I believe you're thinking about lead acid world, where higher internal resistance needs a larger voltage span to encourage energy flow between them. But why mention this, even if true? The boost converter creates that voltage difference, doesn't it? It's very possible that I have a basic conceptual misunderstanding about something, so please correct me if I'm wrong.
It seems a 1200W DC boost converter
can be obtained for circa $10. Even if there were two needed (one for each direction), it still would work out cheaper than a class T fuse. Downside is that it would lack automation (possibly solvable with an arduino and a few ICs?).
In the lead acid world they use a battery isolator. In the lithium world as long as everything is done correctly the load current and charge current are split evenly between parallel batteries.
The battery isolator actually looks like the right thing, but would need two of those, and operation at 48V. The whole point would be to avoid sharing the load and charge current, in order to eliminate the danger of every possible amp dumping into one bank from all the parallel banks in the event of a shorted cell.
Sunny Boy Storage, an HV AC coupled battery inverter, does that with 3x battery inputs.
Actually, the battery I have for it (LG RESU-10H) does that internally: 150V native battery, bidirectional DC/DC to 400V.

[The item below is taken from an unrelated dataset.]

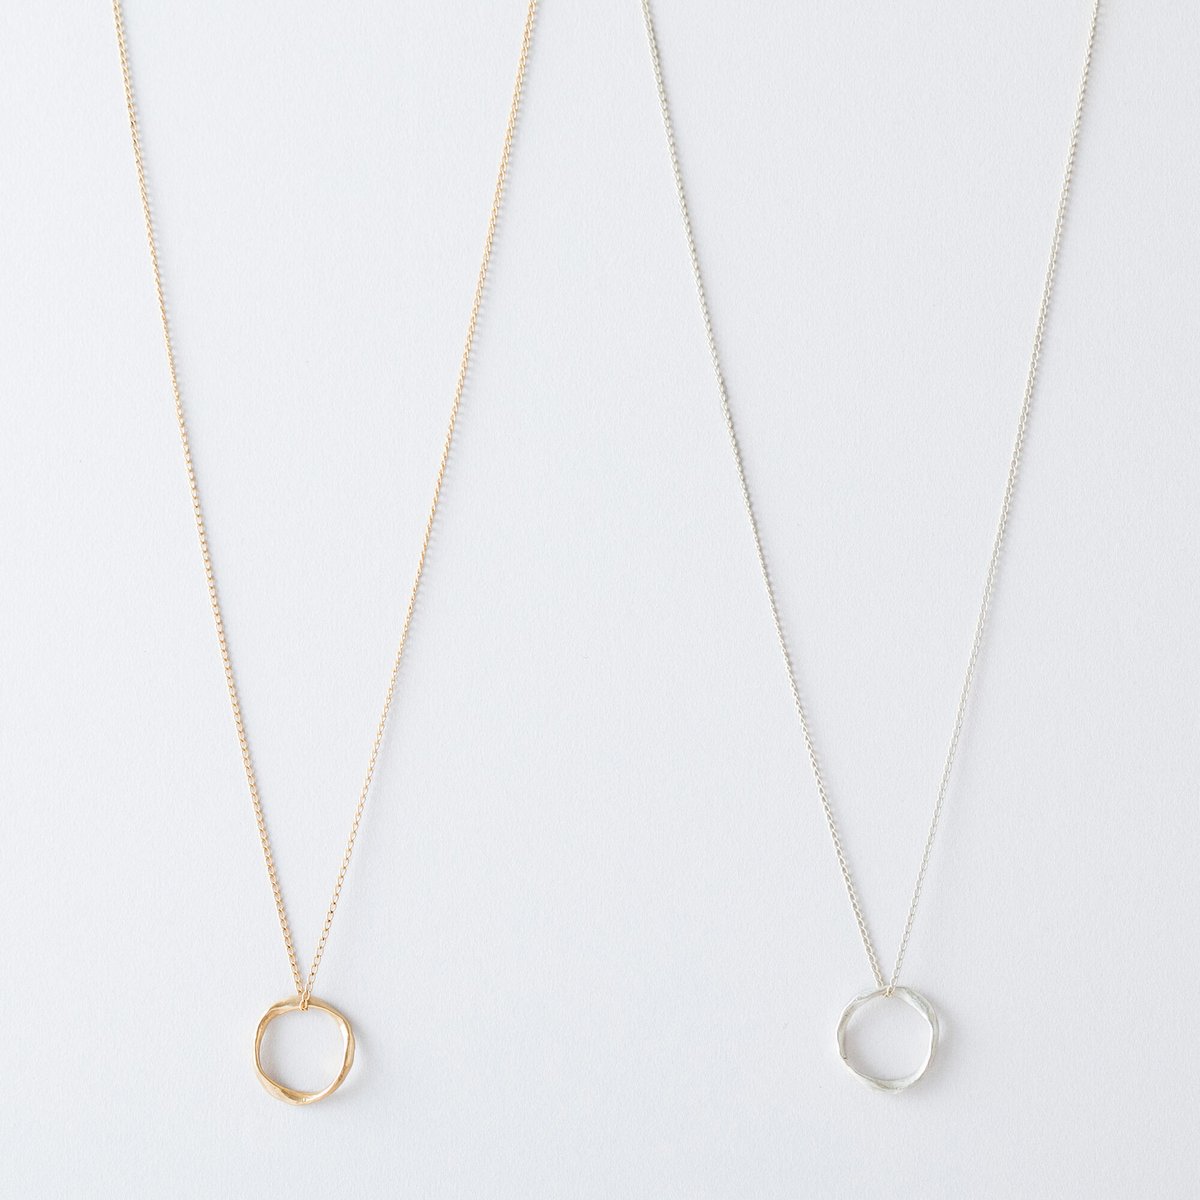 NAN069：メビウスリングネックレス / Mobius Ring Necklace

That's interesting... I haven't looked at the SBS too closely. Those kind of voltages (especially DC) start to scare me with DIY stuff.
This could also be accomplished with grid-forming inverter having high current battery, and multiple AC coupled batteries.
That's true... But I was trying to figure out a solution that might be
cheaper than a class T fuse, lol!
But probably not too bad with BMS and disconnect per battery. Protection by disconnecting, just can't connect and bring on line until voltage is very similar so no inrush.
I've been connecting and disconnecting my Ryobi zero turn mower, which has 4S 12V LFP batteries, same as the house. I've been careful to make sure they're fairly close, and monitoring the inrush--it's pretty incredible how quickly and easily power transfers between parallel strings of LFP that have dissimilar SoC. Like a different planet compared to lead acid world! This is actually the "problem" I'd like to possibly solve with DC boost converter, if it doesn't prove too challenging to make it work bidirectionally.
Couple of us plan to do that with one JK BMS per 16s battery, not sure yet how they aggregate current requests for the inverter.
There are a few different "virtual BMS" projects based on ESP32/arduino that use a Victron SmartShunt to speak pylontech over canbus to inverters. I'm trying to get one working for Sunny Islands right now. It's actually working, just needs more testing. Anyway, could be a possible avenue to do the aggregation you were talking about.
I don't wish to derail this thread.
I do want OP
@Jejochen to know that I'm very sorry for your loss, but really thankful that you shared your experience... and wish you and your family well.
I have no clue, I bought 32 of the 400 aH versions of this and that was expensive enough. I can only guess at what one of these costs. That being said, you have Australians that have been using the 200, 400 and 700 aH versions for as long as 20 years with no issues. I contemplated the 700 and the 1000 ah versions but wanted two banks in case one cell had an issue i could disconnect one bank and still have power.